Regression Models Reference🔗

The Apheris Regression Models codebase is a toolkit to allow you to run regressions on Apheris.

We currently support two models: the general logistic regression and the Cox Regression.

Remote inference is not currently supported for the logistic regression as this would allow a user to reverse engineer the input features from predictions.

regression.logistic_regression.api_client🔗

`fit_lr(datasets, session, feature_cols, target_col, validation_set_col=None, validation_split=None, feature_selector_direction=None, num_rounds=5, num_steps_per_round=2)` 🔗

Trains a linear regression model using the specified datasets and session.

Parameters:

Name	Type	Description	Default
`datasets`	`Union[Iterable[FederatedDataFrame], FederatedDataFrame]`	The datasets to be used for training.	required
`session`	`Union[SupervisedMLSession, LocalDebugMLSession]`	The session object that defines compute_spec and dataset ids,	required
`num_rounds`	`int`	The number of training rounds to perform.	`5`
`feature_cols`	`List[Union[int, float, str]]`	Columns to be used as features in the model.	required
`target_col`	`Union[int, float, str]`	Column to be used as the target variable.	required
`validation_set_col`	`Optional[Union[int, float, str]]`	Column to be used for the validation set. Defaults to None.	`None`
`validation_split`	`float`	Fraction of the data to be used for validation. Defaults to 0.2.	`None`
`feature_selector_direction`	`Optional[str]`	Direction for feature selection ('forward' or 'backward'). Defaults to None.	`None`
`num_steps_per_round`	`int`	Number of steps to perform per round. Defaults to 2.	`2`

Returns:

Name	Type	Description
`results`	`dict`	Dictionary containing the model parameters as results of the training process.

`validate_lr(datasets, session, feature_cols, ground_truth_col, modelparameter, validation_metric='accuracy')` 🔗

Validates the model based on the specified validation dataset.

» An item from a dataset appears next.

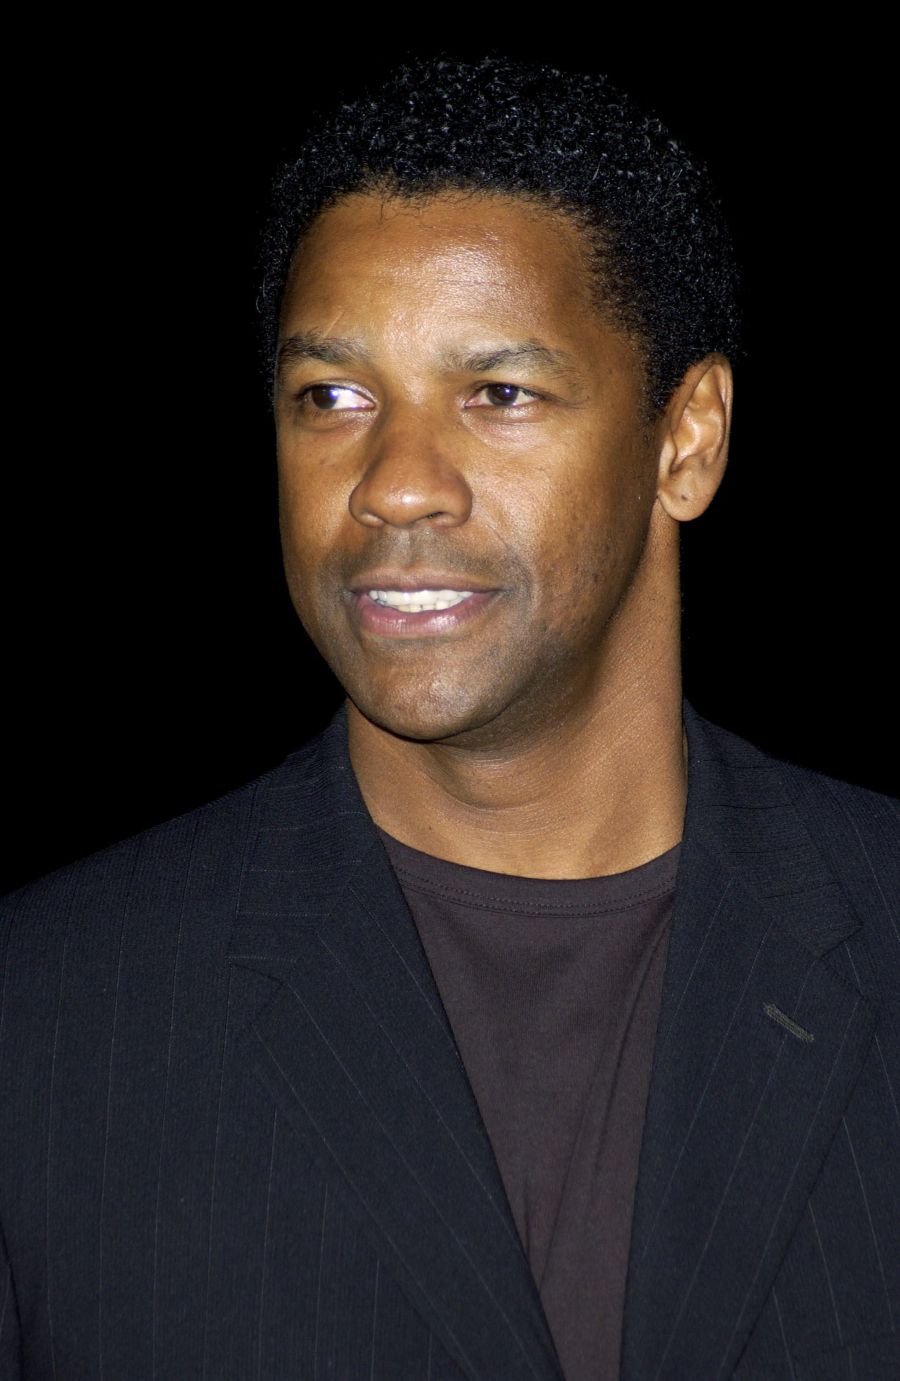 Then And Now Denzel Washington Over The Years [photos] 100 3

Args: datasets (FederatedDataFrame): The dataset to be used for prediction. session (Union[SupervisedMLSession, LocalDebugMLSession]): The session object that defines compute_spec and dataset ids. feature_cols (List[Union[int, float, str]]): Columns to be used as features in the model. ground_truth_col (Union[int, float, str]): Column to be used as the ground truth. modelparameter (dict): The model parameters to be used for prediction as dictionary. This can be the output of the fit_lr function. validation_metric (str): The metric to be used for validation. Can be any scorer listed in sklearn.metrics.get_scorer_names or "confusion_matrix", defaults to "accuracy". Returns: results: Dictionary containing the predicted values.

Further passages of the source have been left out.